The impact of class imbalance in logistic regression models for low-default portfolios in credit risk

In this paper, we study how class imbalance, typical of low-default credit portfolios, affects the performance of logistic regression models. Using a simulation study with controlled data-generating mechanisms, we vary (i) the level of class imbalance and (ii) the strength of association between the predictors and the response. The results show that, for a given strength of association, achievable classification accuracy deteriorates markedly as the event rate decreases, and the optimal classification cut-off shifts with the level of imbalance. In contrast, the Gini coefficient is comparatively stable with respect to class imbalance once sample sizes are sufficiently large, even when classification accuracy is strongly affected. As a practical guideline, we summarise attainable classification performance as a function of the event rate and strength of association between the predictors and the response.

💡 Research Summary

The paper investigates how the severe class imbalance typical of low‑default credit portfolios influences the performance of logistic regression models. Recognising that default events are extremely rare in such portfolios, the authors design a controlled simulation study that independently varies (i) the event rate (from 0.5 % up to 10 %) and (ii) the strength of association between predictors and the binary outcome (by adjusting the magnitude of the logistic coefficients). For each combination they generate datasets of varying sizes (5 000, 10 000, 20 000 observations) to explore the interplay between sample size, events‑per‑variable (EPV), and a newly introduced aggregate information value (AIV).

Methodologically, the study builds on the well‑known weight‑of‑evidence (WoE) and information value (IV) concepts used in credit scoring. IV quantifies the discriminative power of a single predictor, while AIV aggregates the IVs of all predictors under the assumption of conditional independence, effectively measuring the signal‑to‑noise ratio of the whole model. The authors provide explicit formulas for WoE, IV, and AIV, linking them to the Kullback‑Leibler divergence.
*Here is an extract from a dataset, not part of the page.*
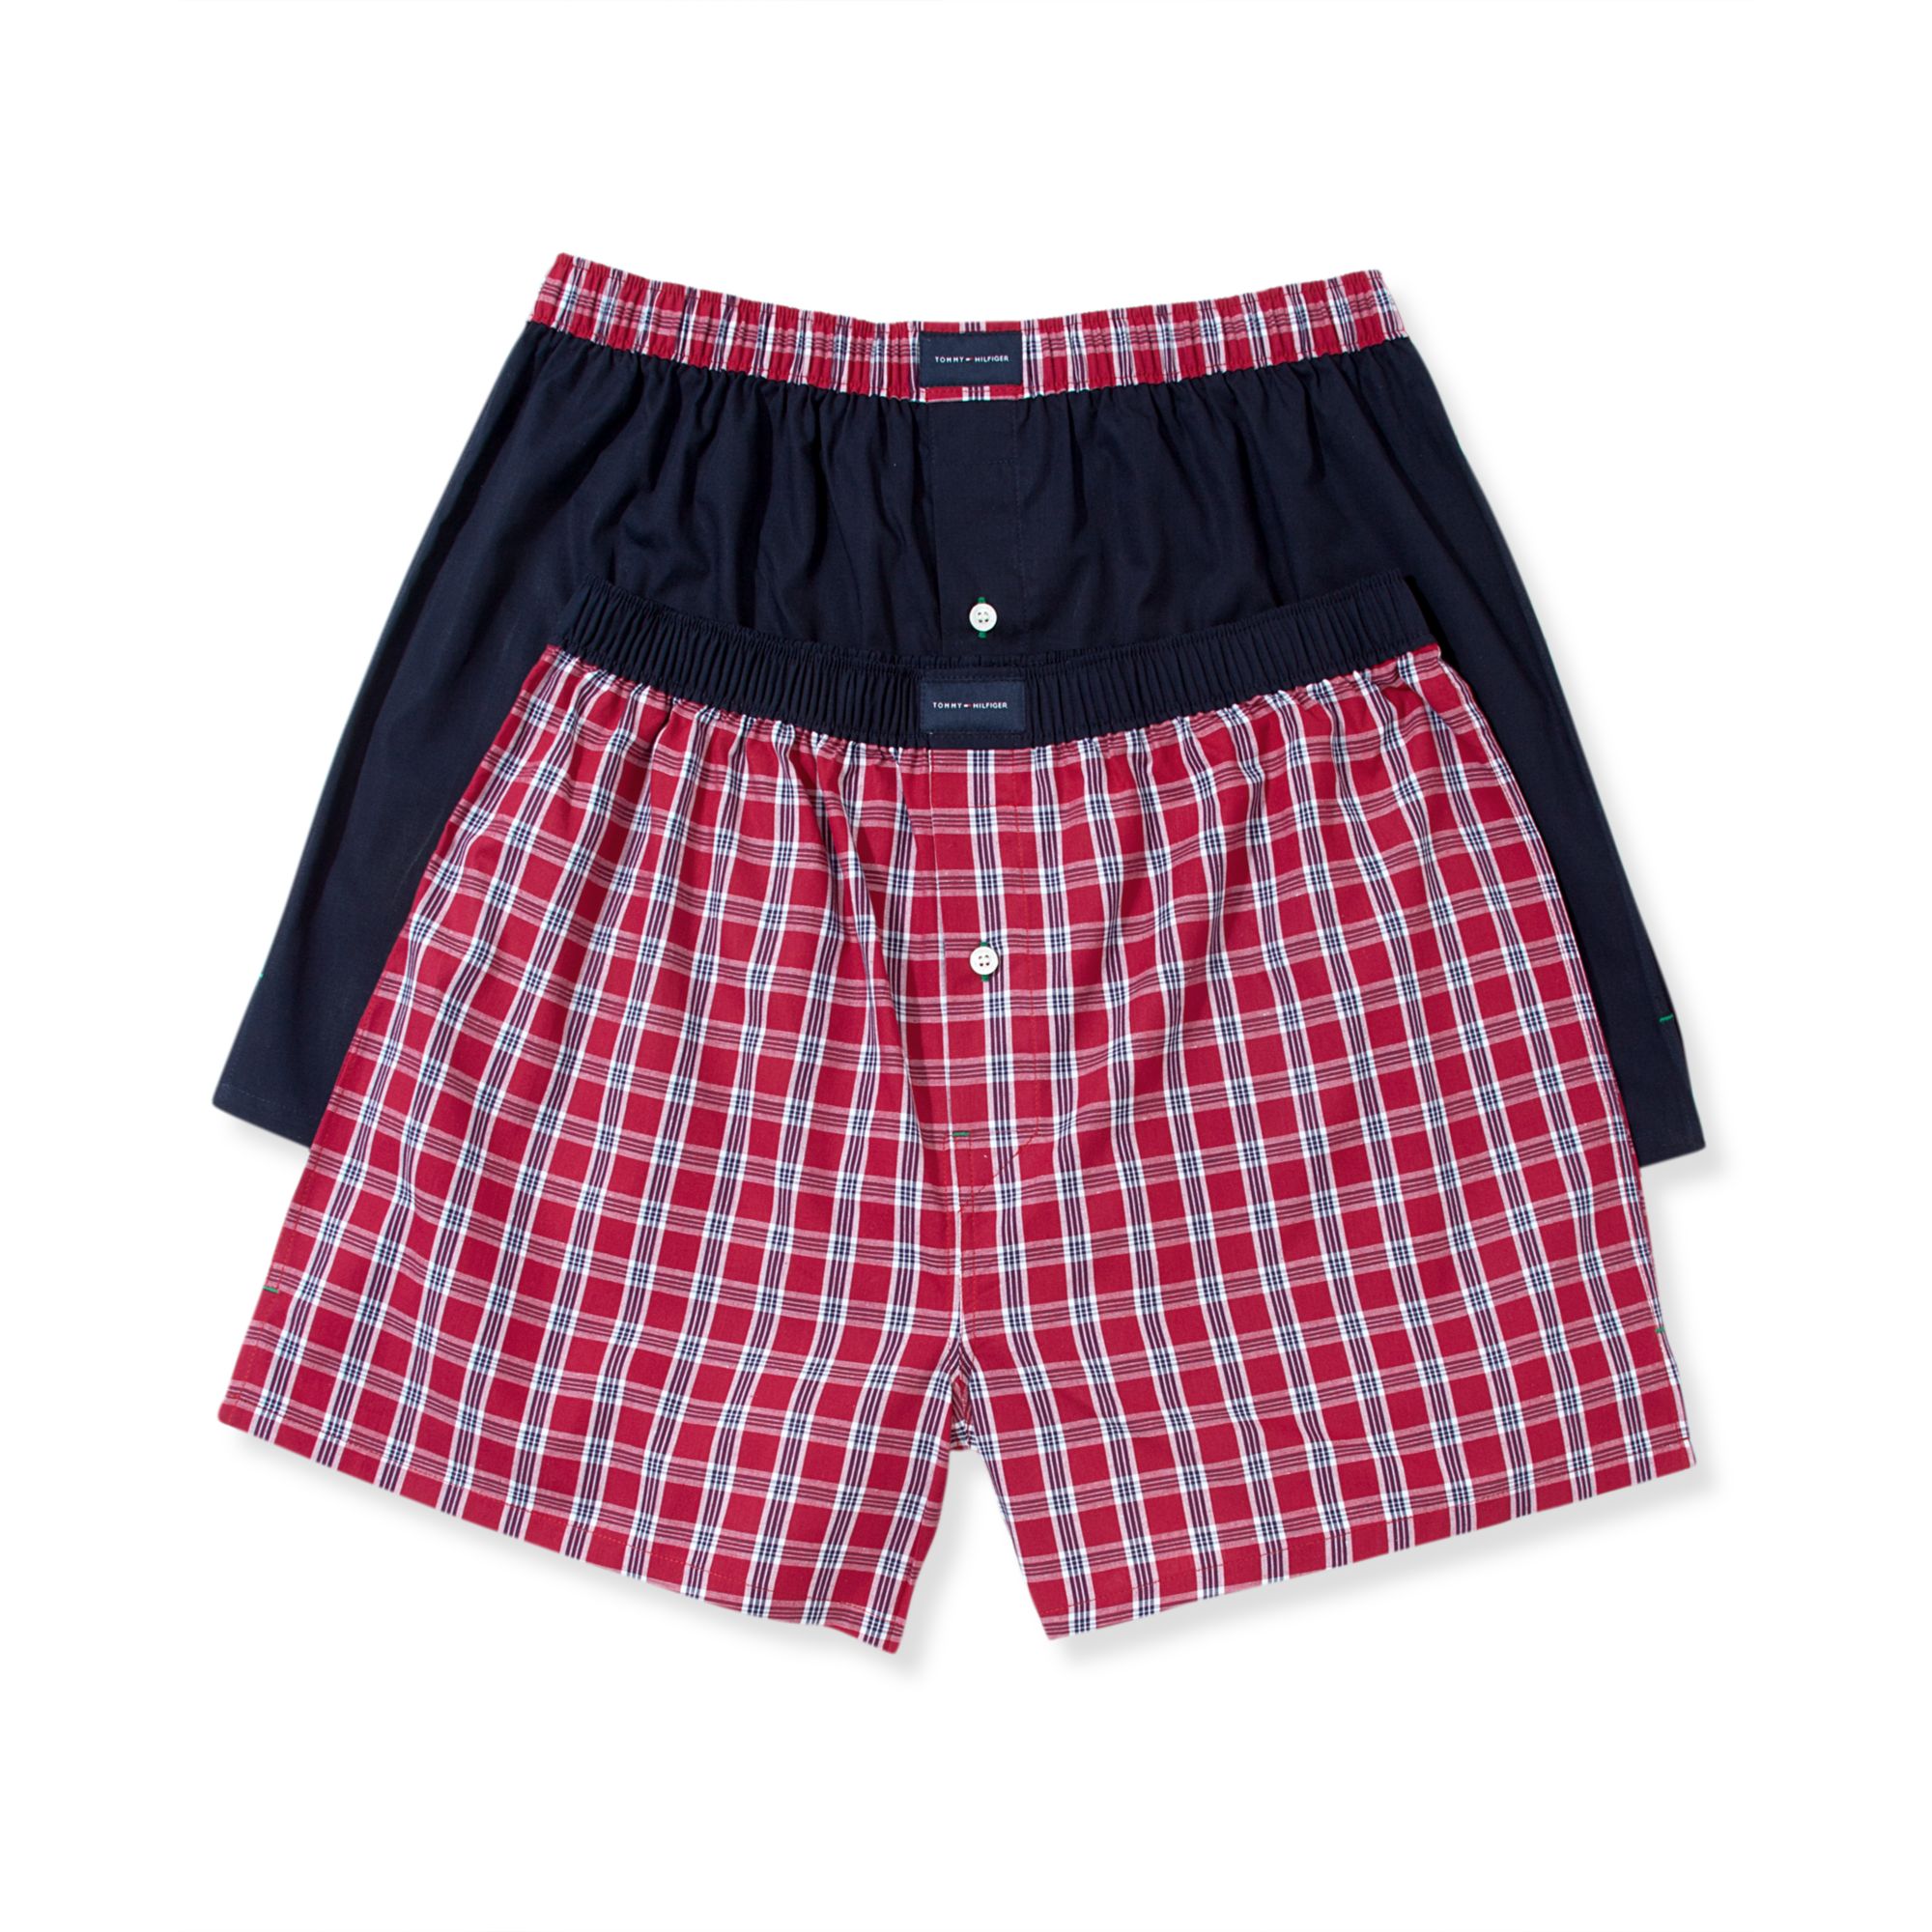 Lyst - Tommy Hilfiger Woven Boxer 2 Pack Gift Set in Red for Men

Performance is evaluated with two families of metrics. The first family consists of threshold‑dependent measures derived from the confusion matrix: overall classification accuracy and the optimal probability cut‑off that maximises a chosen utility (e.g., balanced accuracy). The second family is the Gini coefficient (twice the area under the ROC curve minus one), which is threshold‑independent and reflects the model’s intrinsic discriminative ability.

The simulation results reveal a stark dichotomy. As the event rate declines, overall accuracy deteriorates sharply and the optimal cut‑off shifts toward lower probability values, indicating that the model becomes increasingly biased toward the majority (non‑default) class. In contrast, the Gini coefficient remains remarkably stable across event rates provided the sample size is sufficiently large (≥ 10 000). This suggests that the underlying ranking power of the logistic model is preserved even when the minority class is scarce.
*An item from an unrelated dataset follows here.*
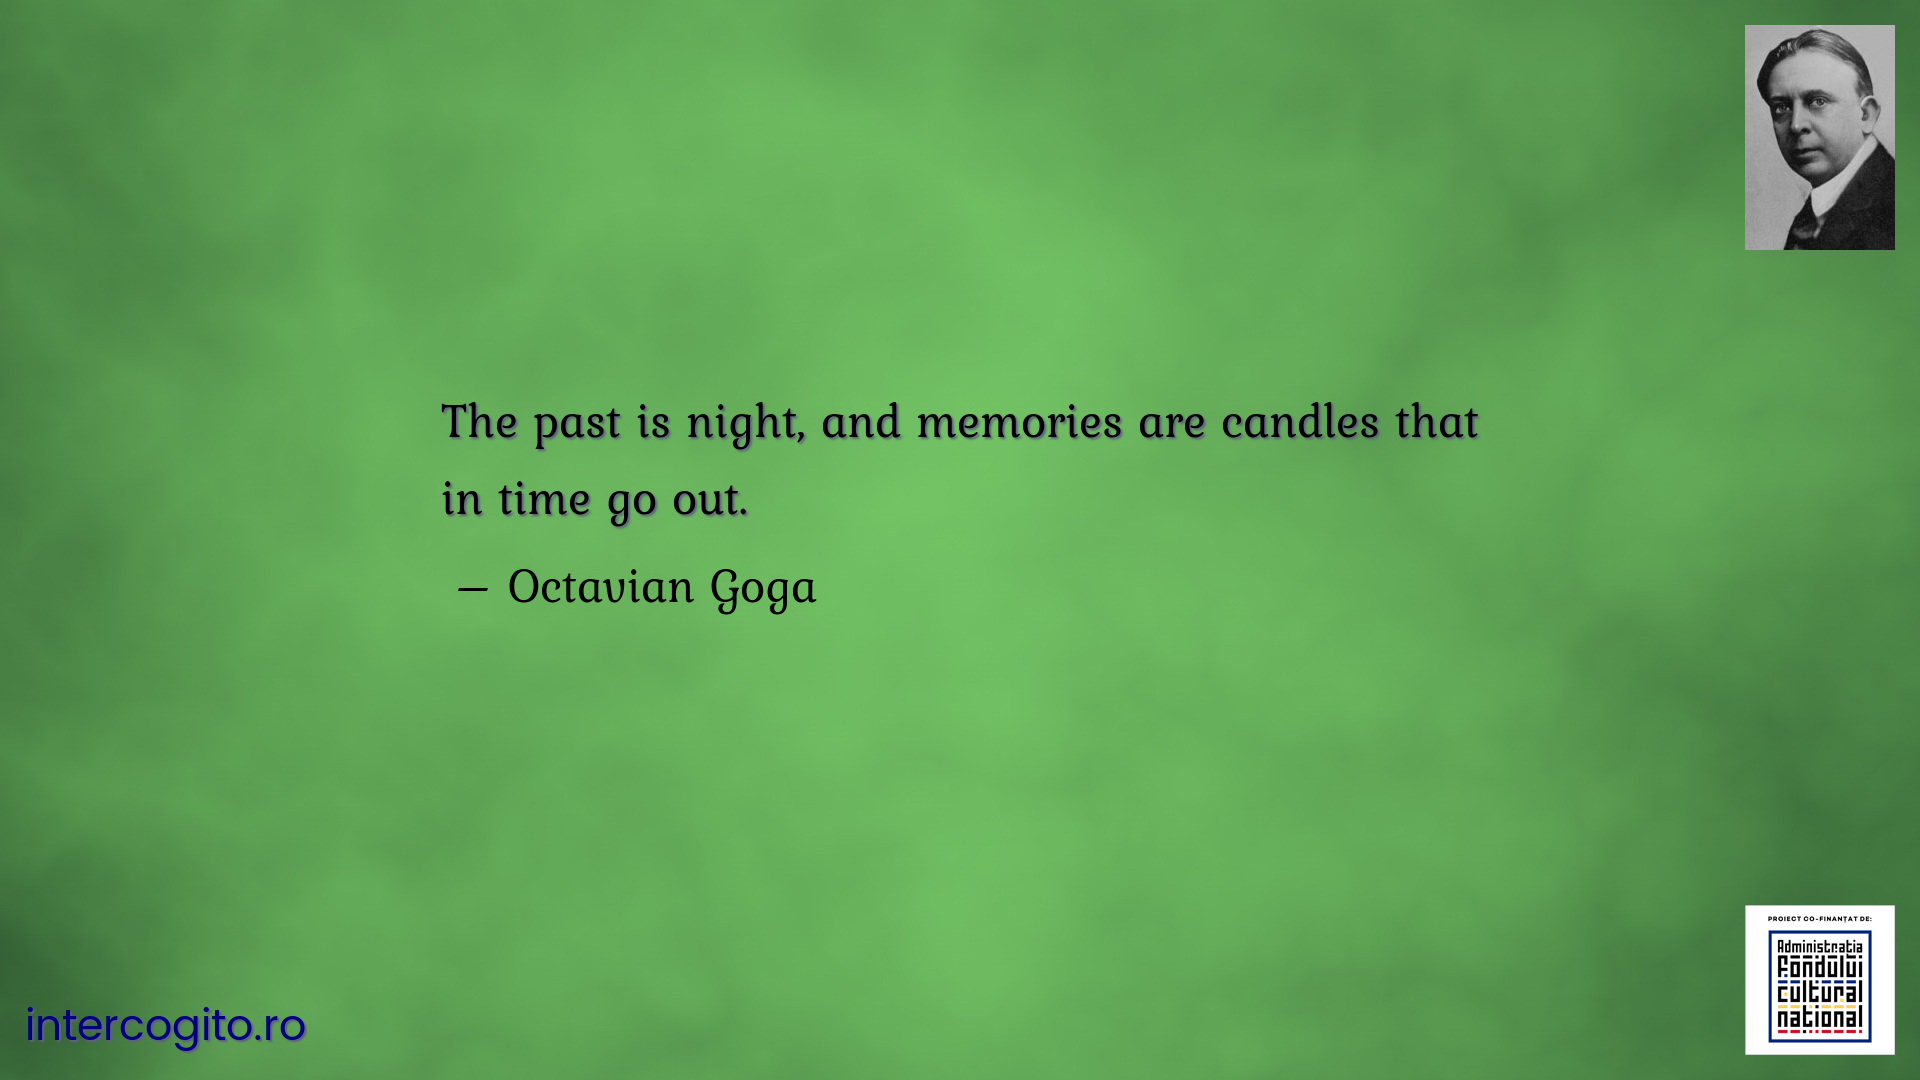 The past is night, and memories are candles that in time go out.

AIV emerges as a key explanatory variable. When AIV is low (e.g., < 0.2) and the event rate is below 1 %, Gini values fall below 0.55, signalling weak discrimination. Conversely, when AIV exceeds 0.3–0.4, Gini stays above 0.65 regardless of the event rate, demonstrating that a strong collective signal from the predictors can offset the adverse effects of imbalance. The authors also confirm that the traditional EPV rule of thumb (EPV ≥ 10) has limited predictive value for classification performance; instead, the combination of event rate and AIV offers a more reliable guide.

Based on these findings, the paper proposes practical guidelines for credit‑risk practitioners: (1) ensure a minimum sample size of 5 000–10 000 observations when the event rate is ≤ 1 %; (2) aim for an AIV of at least 0.3 when selecting or engineering predictors; (3) adjust the decision threshold according to the observed event rate (e.g., use a cut‑off around 0.2–0.3 for a 0.5 % event rate). While the study does not evaluate specific imbalance‑remediation techniques (oversampling, SMOTE, cost‑sensitive learning), it establishes a baseline against which such methods can be objectively compared.

In conclusion, class imbalance dramatically reduces classification accuracy and forces a shift in optimal cut‑offs, but the discriminative capacity measured by Gini remains robust if the dataset is large enough and the predictors collectively carry sufficient information (high AIV). The authors recommend future work to validate the AIV‑based guidelines on real credit datasets and to explore interactions with various resampling or algorithmic mitigation strategies.